▶ About this task
In the data that follows, find the line with "Armoiries royales du"; transcribe it, every later line up to the one with "Tempat Cukur Rambut", and that line as well, exactly and with no others.

▶ The input
- Opening Delimiter -
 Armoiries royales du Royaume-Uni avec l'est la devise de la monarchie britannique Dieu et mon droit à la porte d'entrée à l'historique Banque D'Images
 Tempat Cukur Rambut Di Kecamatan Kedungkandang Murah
- Closing Delimiter -
- Opening Delimiter -
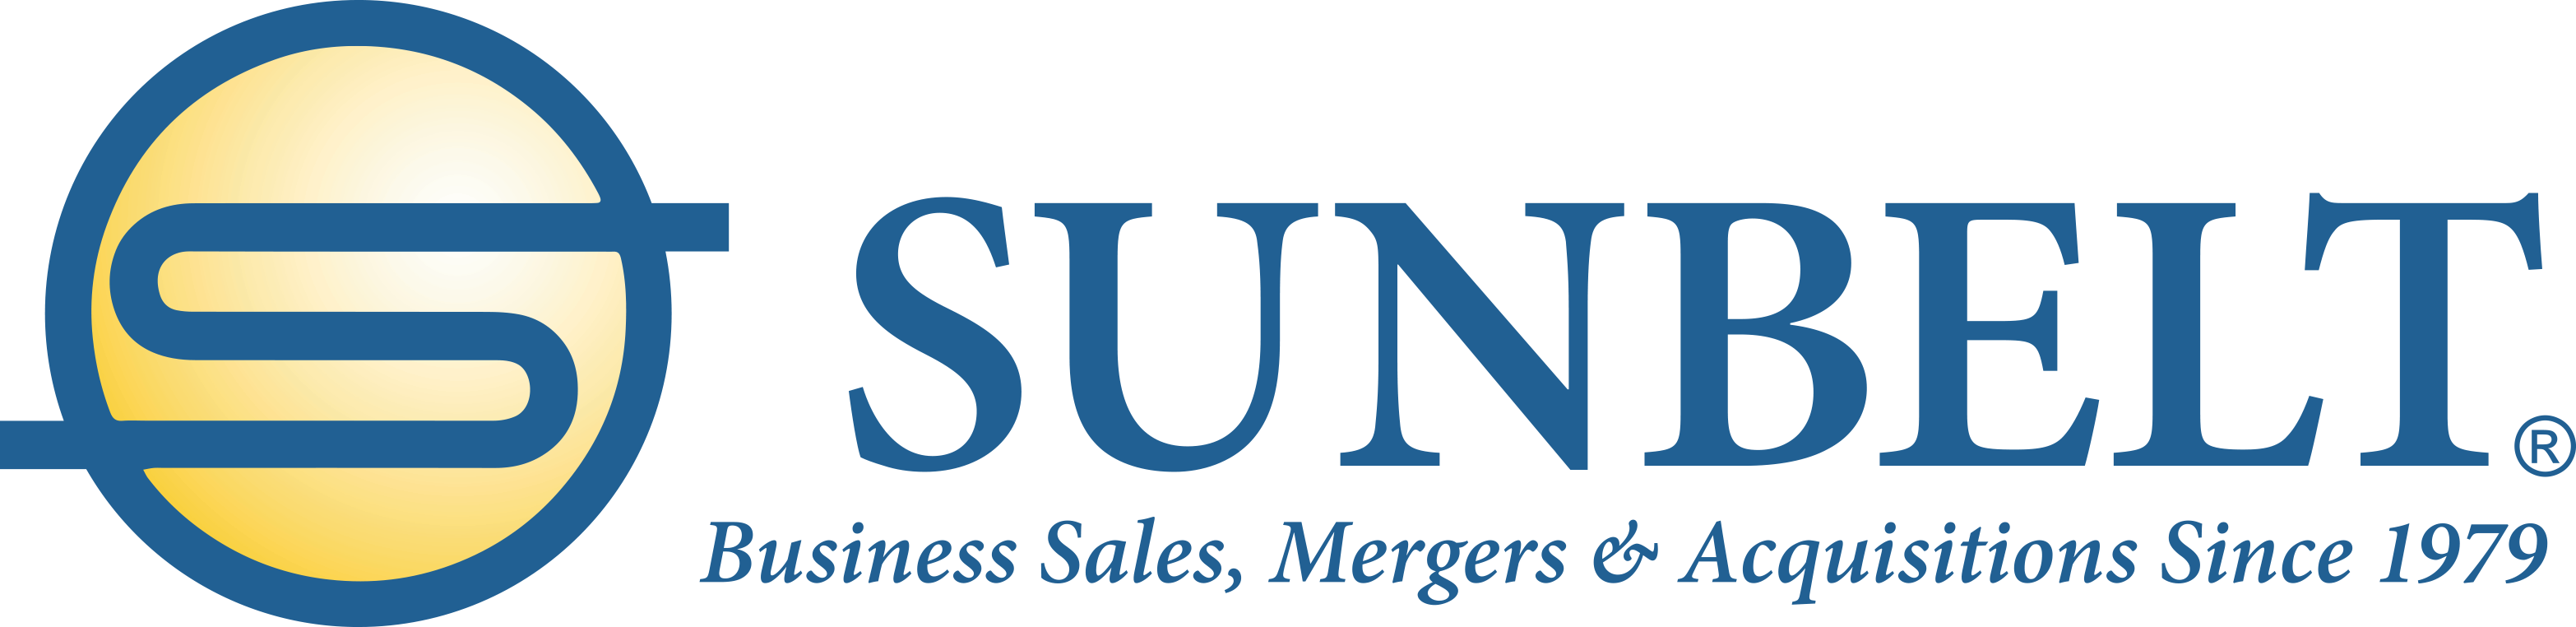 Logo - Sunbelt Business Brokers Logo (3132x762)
- Closing Delimiter -
- Opening Delimiter -
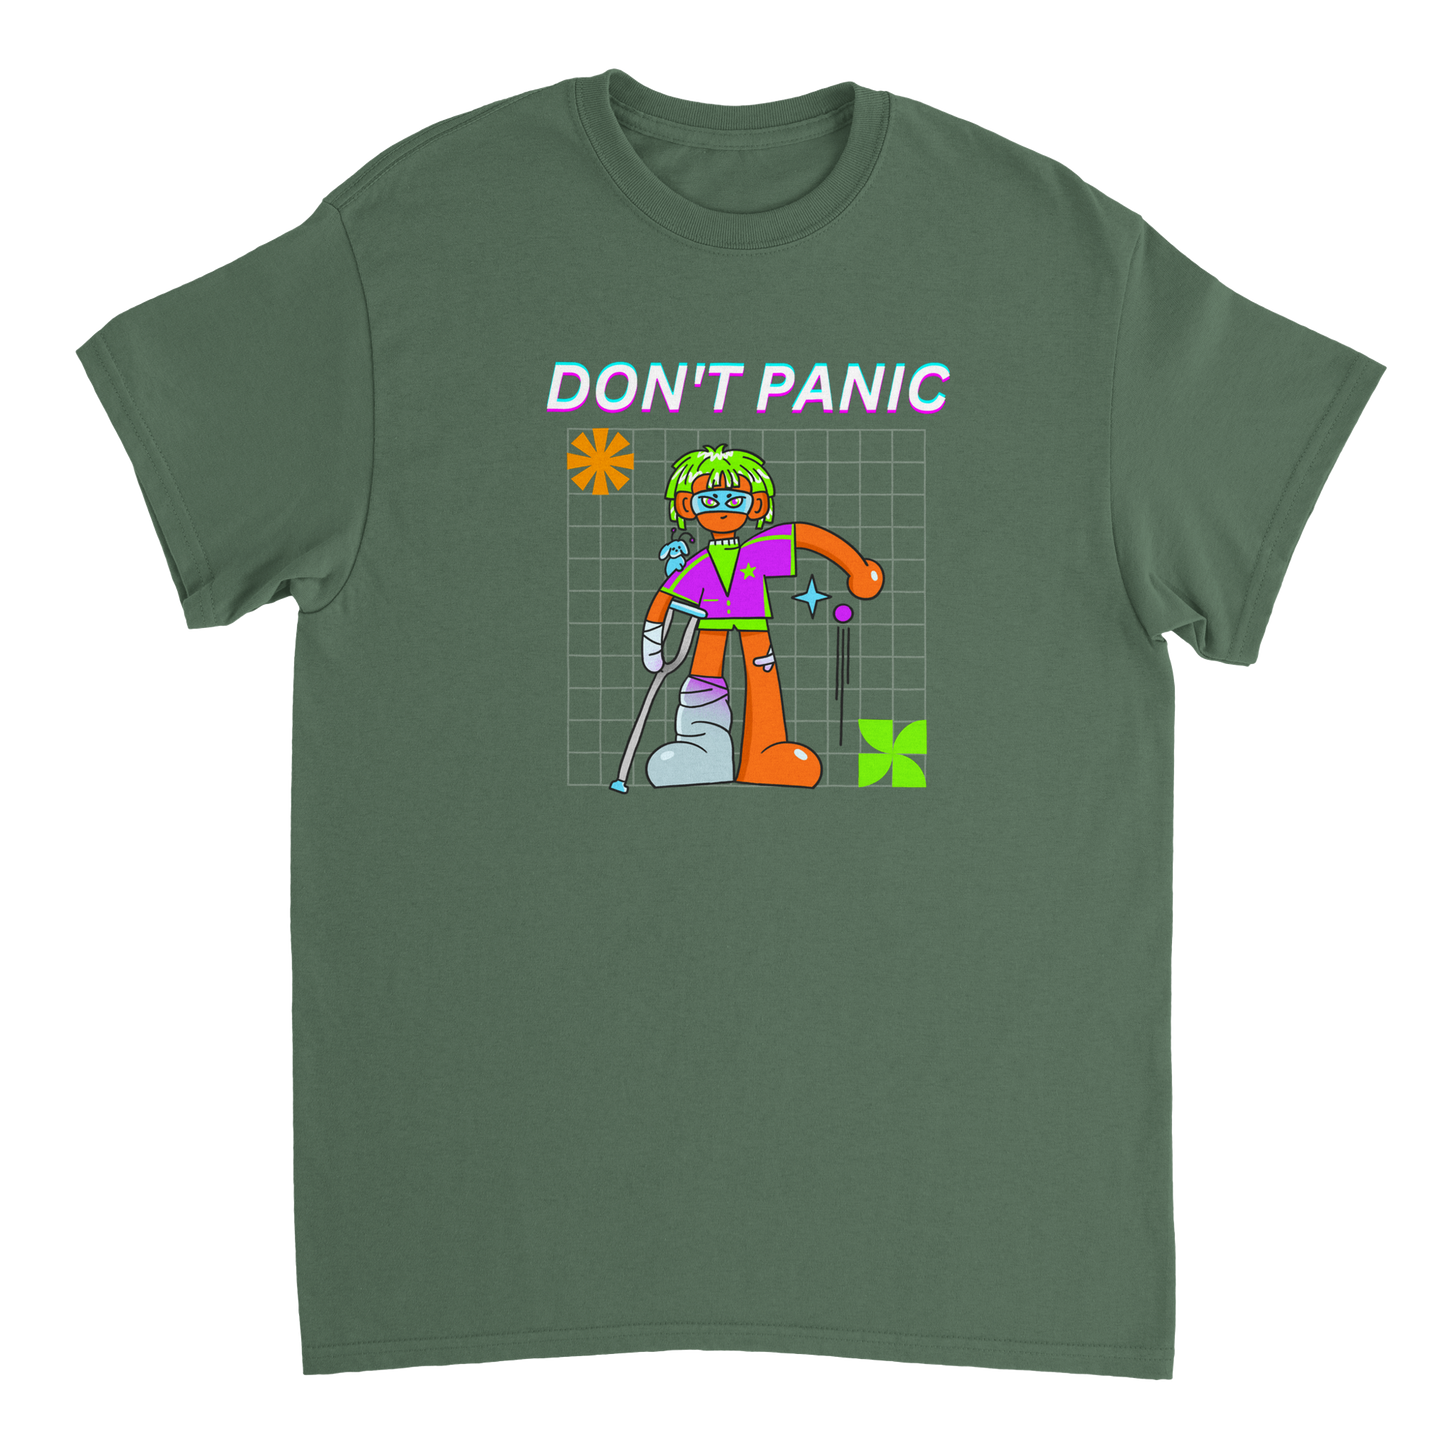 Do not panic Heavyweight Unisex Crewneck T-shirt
- Closing Delimiter -
▶ Task response
 Armoiries royales du Royaume-Uni avec l'est la devise de la monarchie britannique Dieu et mon droit à la porte d'entrée à l'historique Banque D'Images
 Tempat Cukur Rambut Di Kecamatan Kedungkandang Murah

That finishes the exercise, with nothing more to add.